The finding may not come as a surprise to parents who’ve seen their child entranced by the TV screen. What may surprise them is the finding that mothers couldn’t soothe their children nearly as well as television did.
The study found that children’s pain was almost as great when their mothers were near, offering comforting words and caresses, as when their moms merely stood in the room. It’s possible, according to the researchers, that a mother’s own emotions keep her from effectively distracting and calming her child.
Or the findings may simply be a testament to the “distracting power of television,” they report in the journal Archives of Disease in Childhood.
For the study, a team led by Dr. Carlo Bellieni of the University of Siena randomly assigned 69 7- to 12-year-olds to one of three groups. Some had blood drawn while their mothers stood by, offering no distraction; in a second group, mothers comforted their children during the procedure; and in the third group, children were shown a cartoon movie for distraction.

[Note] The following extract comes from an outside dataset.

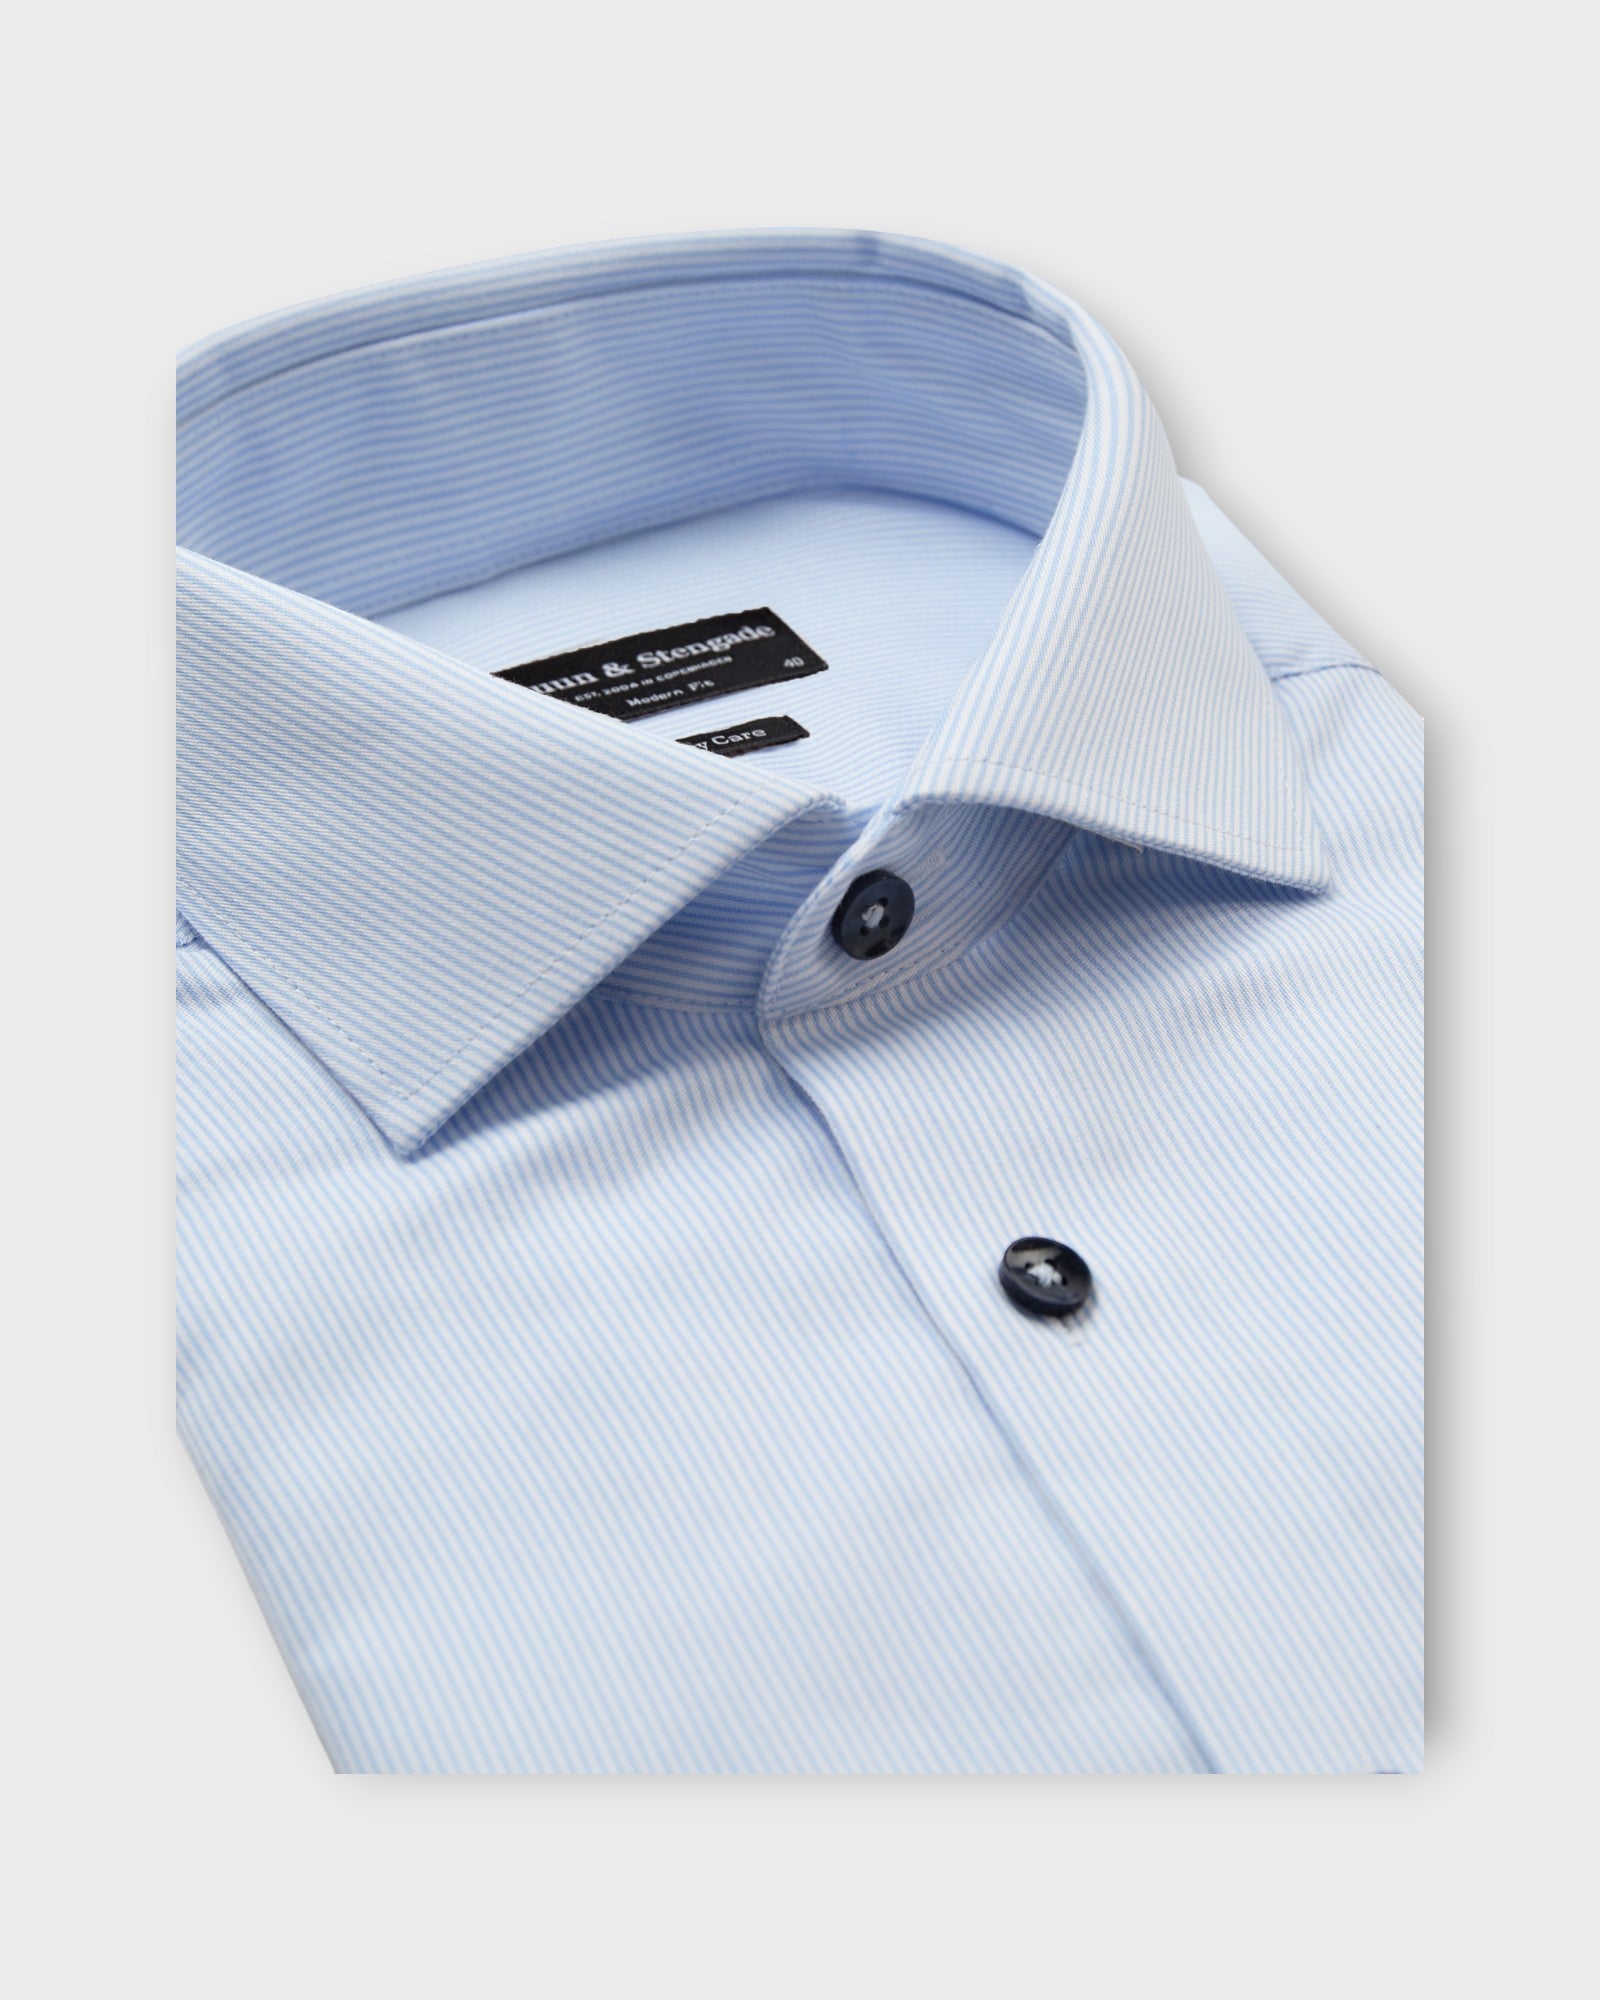 Seau Modern Fit Shirt Light Blue/White fra Bruun og Stengade. Blå og hvid stribet langærmet herre skjorte. Her set i closeup.

Afterward, the children were asked to score their pain level on a visual scale from 0 to 100. Children in the TV group rated their pain much lower than those in the other two groups; on average the TV group scored 8.91, versus 23.04 in the no-distraction group and 17.39 in the mother-soothed group.
Mothers also believed their children suffered less pain when allowed to watch TV.
Pain involves both a stimulus that sends a message to the brain—like a needle into an arm vein—and the brain’s processing of that information. When the brain is distracted, this changes a person’s perception of pain. Research has shown, for instance, that virtual reality technology can keep the brain from processing pain signals during an uncomfortable medical procedure.
The current findings, according to Bellieni’s team, “support the benefit of introducing a distracting environment during minor painful procedures in children.”
But they’re quick to point out that parents still matter. Even if mothers didn’t rid their children of pain in this study, the researchers note, children still benefit from knowing their parents are with them in times of stress.